By 2008, the Quintana Roo Speleological Society (QRSS) reported more than 700 kilometres (430 mi) of flooded cave passages within the limits of the Riviera Maya including the two longest underwater cave systems in the world of Sac Actun and Ox Bel Ha. These groundwater resources, accessed via the thousands of cenotes throughout the landscape, once supported the Maya civilizations and today remain the only natural sources of potable water in the area.
The Caribbean coastline is a series of crescent shaped white sand beaches interrupted every 1 – 10 km by rocky headlands and inlets, called caletas, through which groundwater discharges into the coastal water. Large sections of the extensive mangrove swamps that lie behind the beaches and headlands are included in the areas scheduled for tourism development.

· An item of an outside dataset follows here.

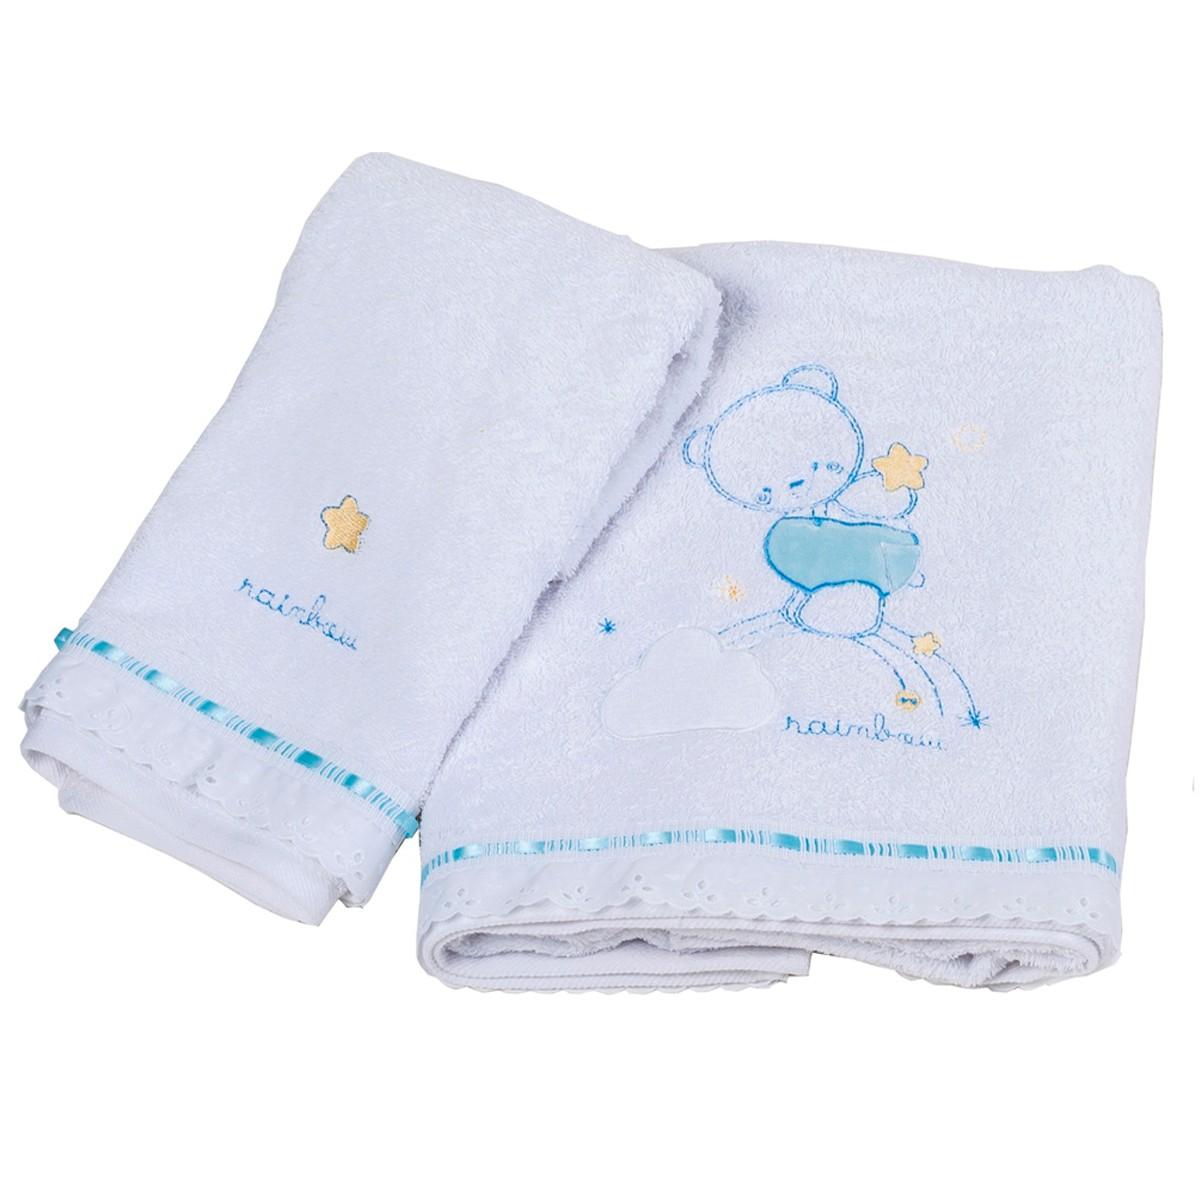 Βρεφικές Πετσέτες (Σετ 2τμχ) Κόσμος Του Μωρού Rainbow 0560 Σιέλ 74628

Most tourists to the Riviera Maya arrive through Cancún International Airport, approximately 50 km (31 mi) north of Playa del Carmen.
About 20 kilometres (12 mi) north of Tulum, a new international airport was announced. In March 2011, the bidding for construction contracts was to be concluded.
As of April 2014, all projects related with the Tulum Airport are no longer available through official sites. The high speed trans-peninsula train is now the main project for the area.